I spend a lot of time talking to customers, as well as advocating for them from a security perspective.
Joan PepinCISO, Auth0

What are you doing to change the low representation of women and minorities in the cybersecurity field?

Pepin: You have to be able to have the tough conversations, ask the hard questions, be in an executive meeting with the CEO and look at the scorecard and take the angry stares when you say, 'This is important,' and ask, 'What does our pipeline [for talent] look like? What are we doing to address that and how are we addressing that? Are we advertising in these places [to attract diverse talent]?'

And then you have to be willing to walk the walk, make changes to your own recruiting processes, to ask, 'Are we dissuading women and minorities from applying to positions because of how we wrote the job descriptions?' It's thinking about your biases as your sort through the application list, being willing to hire and promote women and minorities. It's constantly asking yourself, 'Would I ask this question of a white guy?' It's work, and you have to be willing to do the work.
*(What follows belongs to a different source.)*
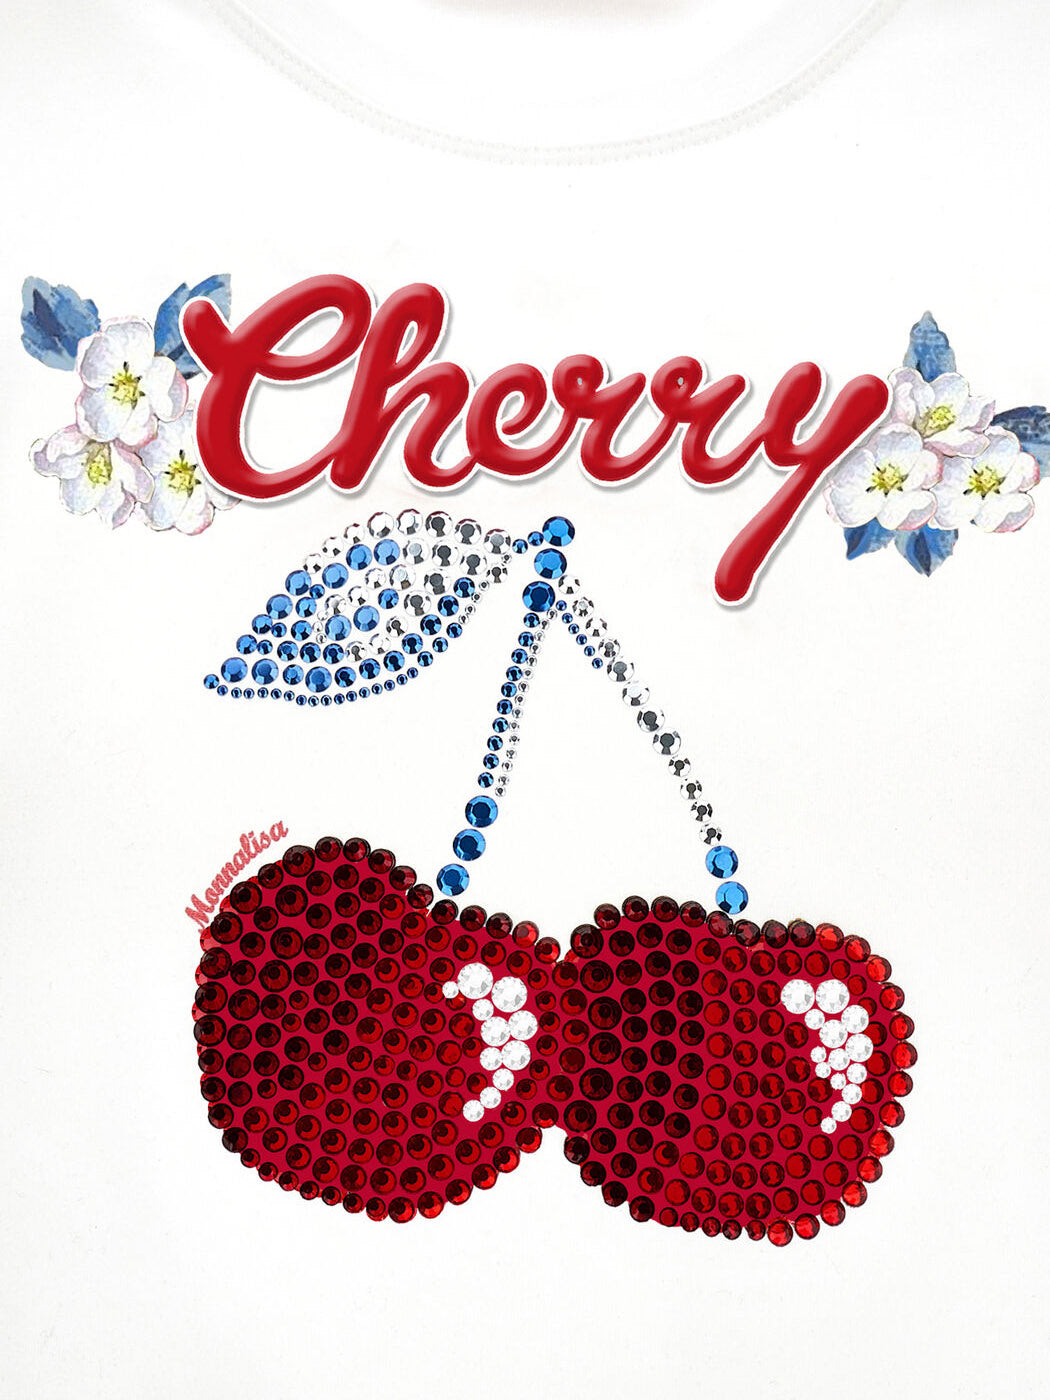 MONNALISA Cherry embroidery cotton T-shirt-19A6011012

Does your work involve your company's customers as well?

Pepin: I am extremely customer-facing. I spend a lot of time talking to customers, as well as advocating for them from a security perspective. A customer might want a feature that makes them less secure. The old saying is the customer is always right. Yes, they're right in what they want as the outcome. But their thoughts about how they get there might make them less secure, so it might not be the best thing to give them what they want. There might be some negotiation there.